### PROBLEM
There are pictures in the records below; leave them out and set down exactly the lines from the one holding "Phiên tòa giả" through the one holding "Tag Heuer Schweizer".

### ENTRIES PROVIDED
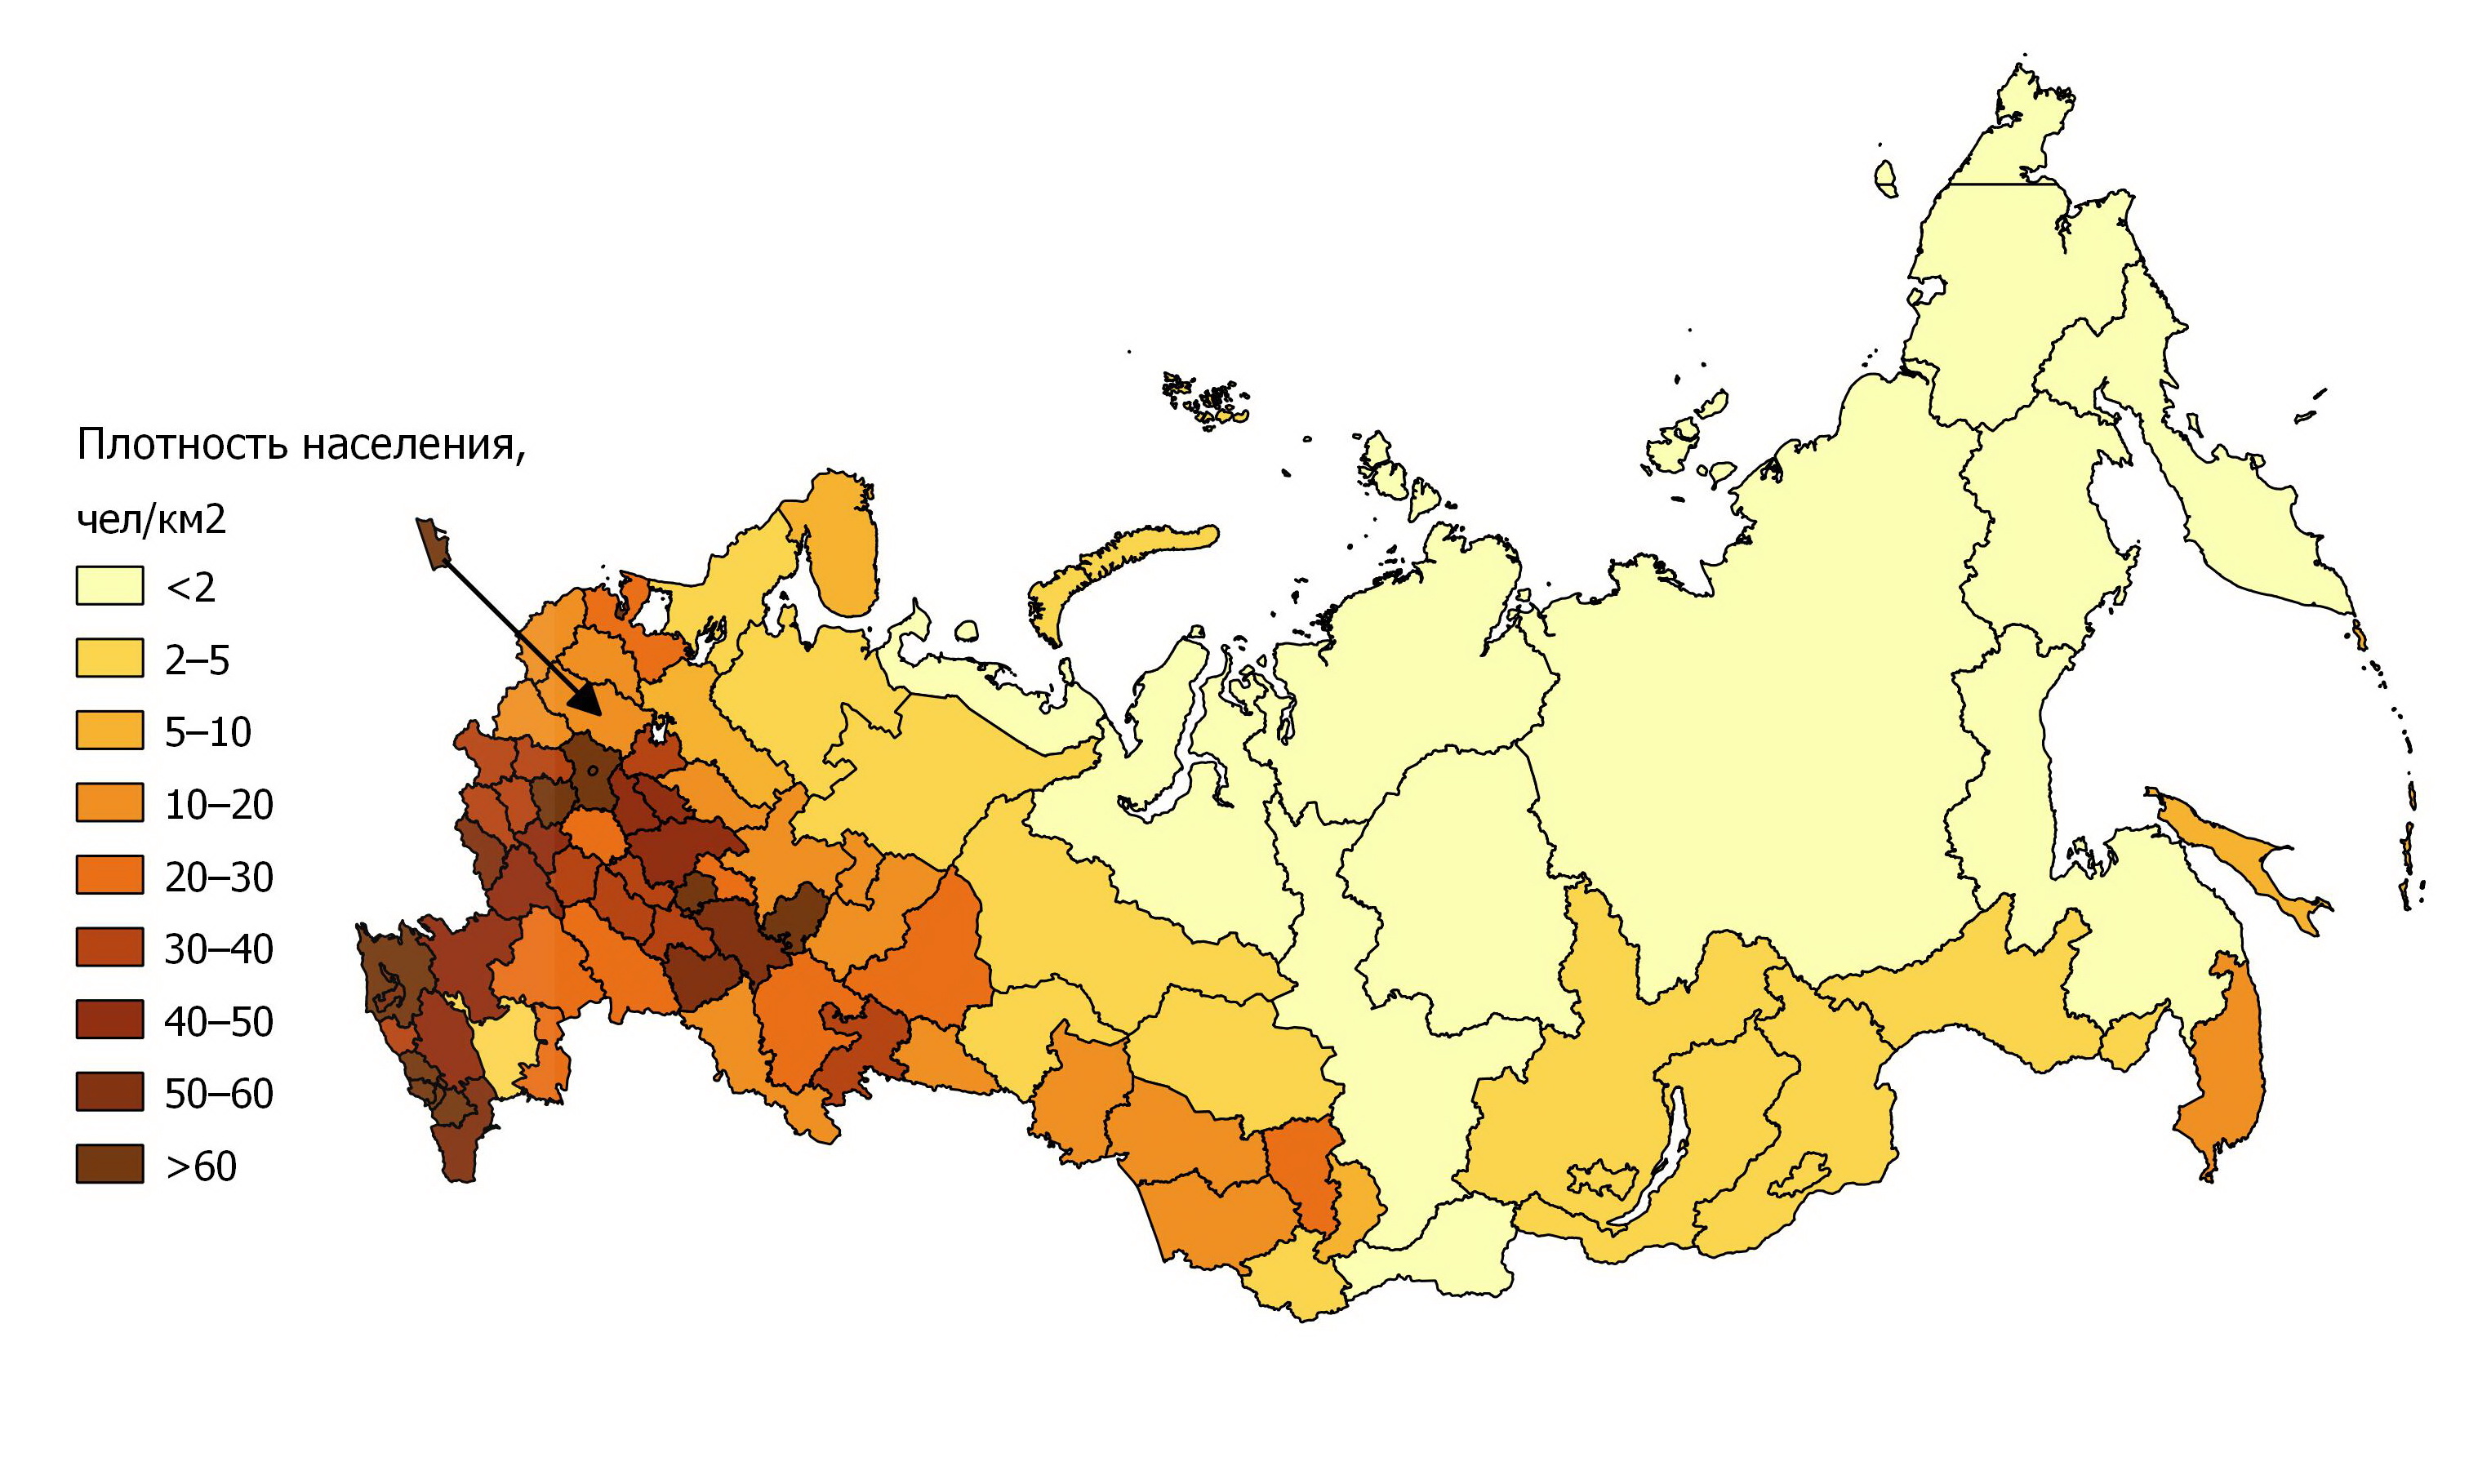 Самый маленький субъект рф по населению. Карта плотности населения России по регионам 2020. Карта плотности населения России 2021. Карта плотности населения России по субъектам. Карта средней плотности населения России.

...

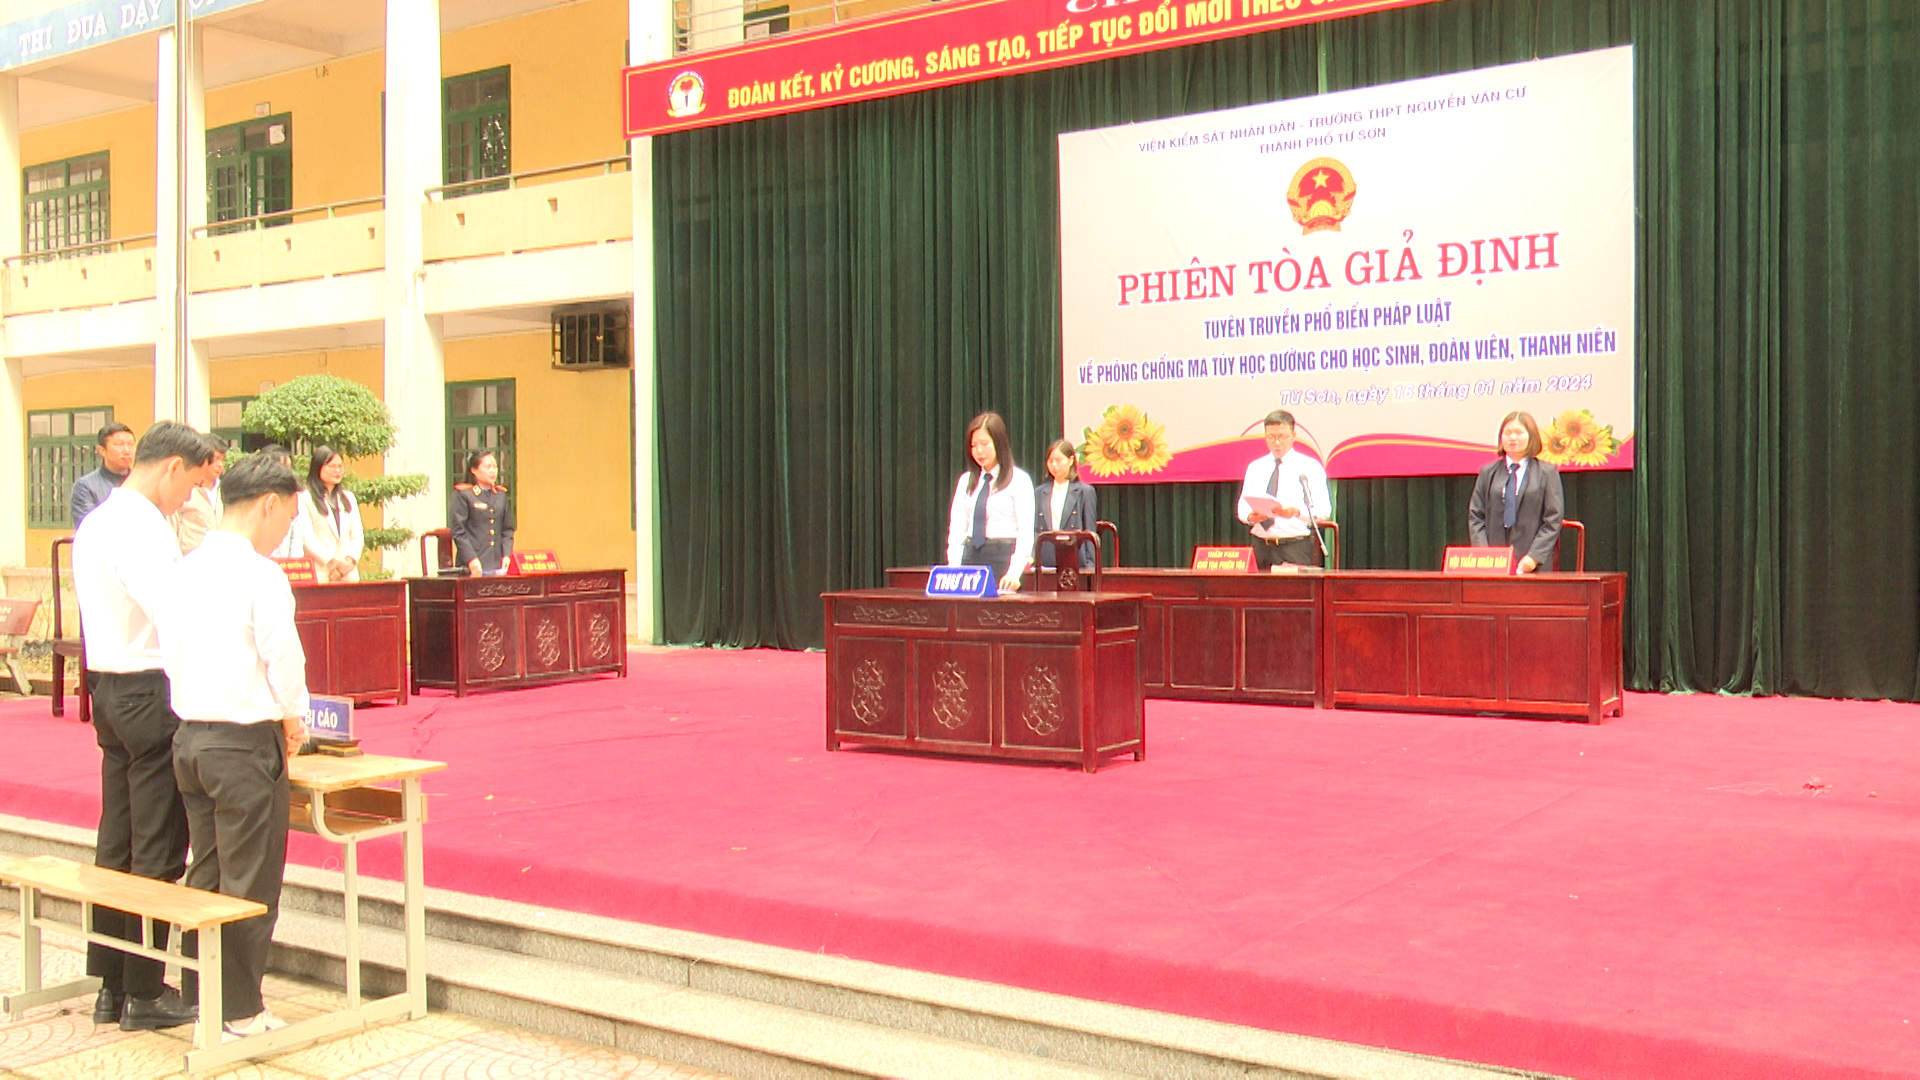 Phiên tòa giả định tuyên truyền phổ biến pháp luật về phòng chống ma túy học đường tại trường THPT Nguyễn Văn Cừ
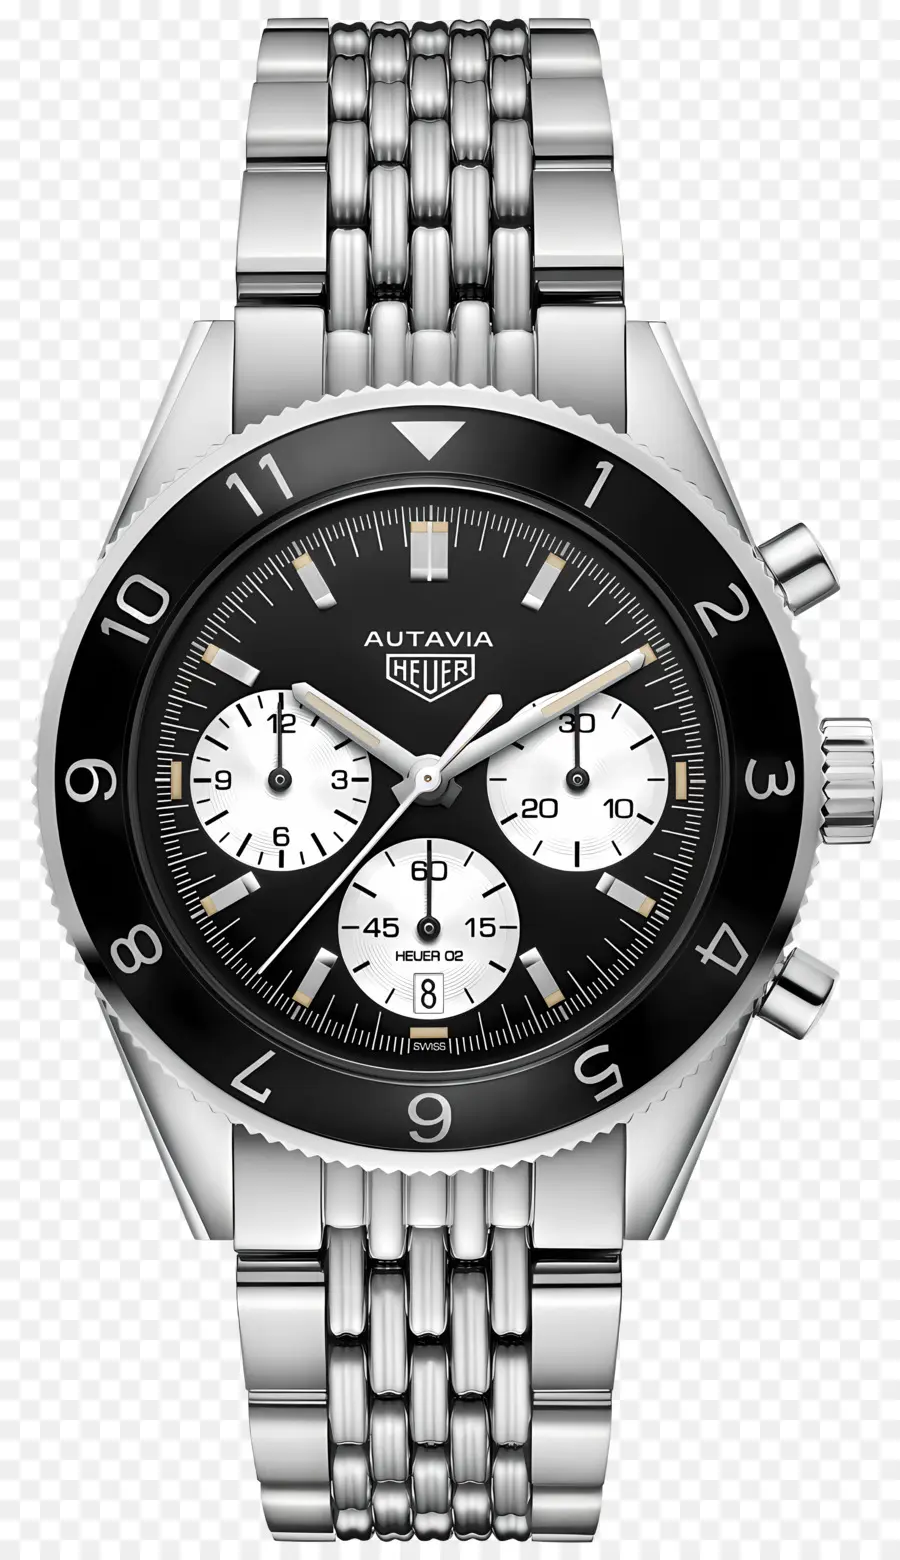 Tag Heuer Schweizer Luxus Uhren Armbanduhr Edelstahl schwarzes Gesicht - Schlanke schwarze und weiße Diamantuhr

### COMPLETED EXERCISE
 Phiên tòa giả định tuyên truyền phổ biến pháp luật về phòng chống ma túy học đường tại trường THPT Nguyễn Văn Cừ
 Tag Heuer Schweizer Luxus Uhren Armbanduhr Edelstahl schwarzes Gesicht - Schlanke schwarze und weiße Diamantuhr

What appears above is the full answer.